Thomas & Thomas Court Reporters, LLC v. Switzer
Thomas & Thomas Court Reporters sued Douglas Switzer, an attorney, and his law firm, Hathaway & Switzer (Hathaway Switzer), for failure to pay for court reporting services. The district court entered judgment for Thomas & Thomas. At issue on appeal was whether Hathaway Switzer was liable to Thomas & Thomas for its fees or whether Hathaway Switzer's clients were. The Supreme Court (1) affirmed the district court's judgment to the extent that it held Hathaway Switzer rather than Hathaway Switzer's clients liable, as Hathaway Switzer had not disclaimed liability for those fees; and (2) reversed the court's judgment to the extent that it held Switzer personally liable. Remanded with directions to dismiss Thomas & Thomas' claim against Switzer as an individual.

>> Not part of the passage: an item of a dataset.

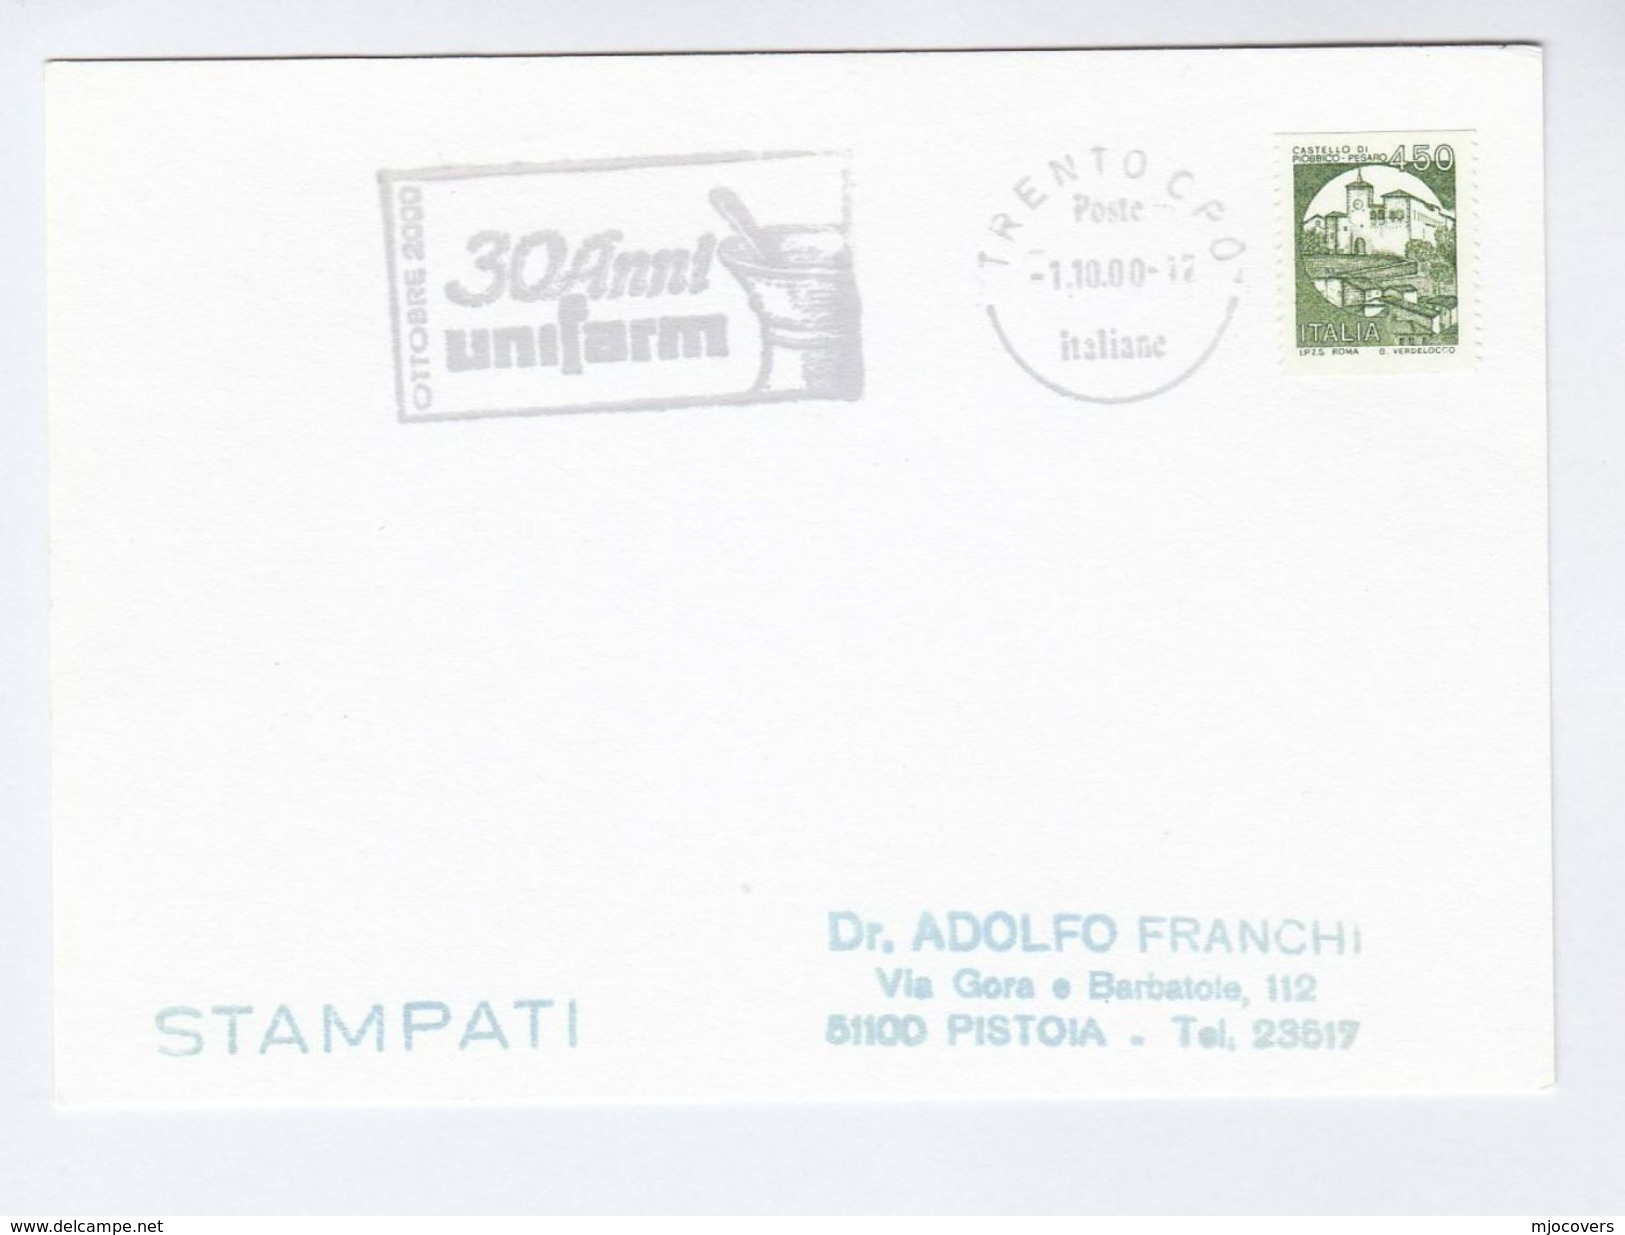 2000 Trento ITALY PHARMACY EVENT COVER  SLOGAN Illus MORTAR PESTLE, UNIFARM 30th ANNIV Medicine Health Stamps - Apotheek

Tymar, LLC v. Two Men and a Truck
Appellant Tymar, LLC filed an application with the Nebraska Public Service Commission seeking authority to operate as a common carrier of household goods in intrastate commerce. Appellees, other common carriers in the area, filed protests to Tymar's application. After a hearing, the Commission denied the application, determining that Tymar had failed to establish its prima facie case that it met the standards for approval of its application under the regulatory scheme imposed by Neb. Rev. Stat. 75-301. The district court affirmed. At issue on appeal was whether requests for admissions Tymar tendered to Appellees but which Appellees did not answer should have been deemed admitted under Neb. R. Civ. P. R. 36. The Supreme Court reversed, holding that the Commission erred when it did not give legal effect to the substance of the unanswered requests, and the district court erred as a matter of law when it failed to correct the Commission's rulings regarding these requests for admissions. Remanded with directions to reconsider Tymar's application.
Howsden v. Roper’s Real Estate Co.
Plaintiff Darlene Howsden was injured on premises that were leased to her employer by a legally distinct entity that was owned and operated by the same shareholders as her employer. Plaintiff sued Defendant, the entity that owned the premises, for negligence. The district court granted summary judgment to Defendant, concluding that Plaintiff's exclusive remedy was under the Nebraska Workers' Compensation Act. The Supreme Court reversed, holding that the district court erred in concluding that the exclusive remedy rule extended to Defendant because (1) Defendant was a legally separate entity from Plaintiff's employer, despite their corporate kinship, and there was no equitable basis to justify piercing the corporate veil between the two entities; and (2) therefore, Defendant was a third party to the employment relationship between Plaintiff and her employer, so Plaintiff's third-party claim against Defendant was not barred by the exclusive remedy provisions of the Act.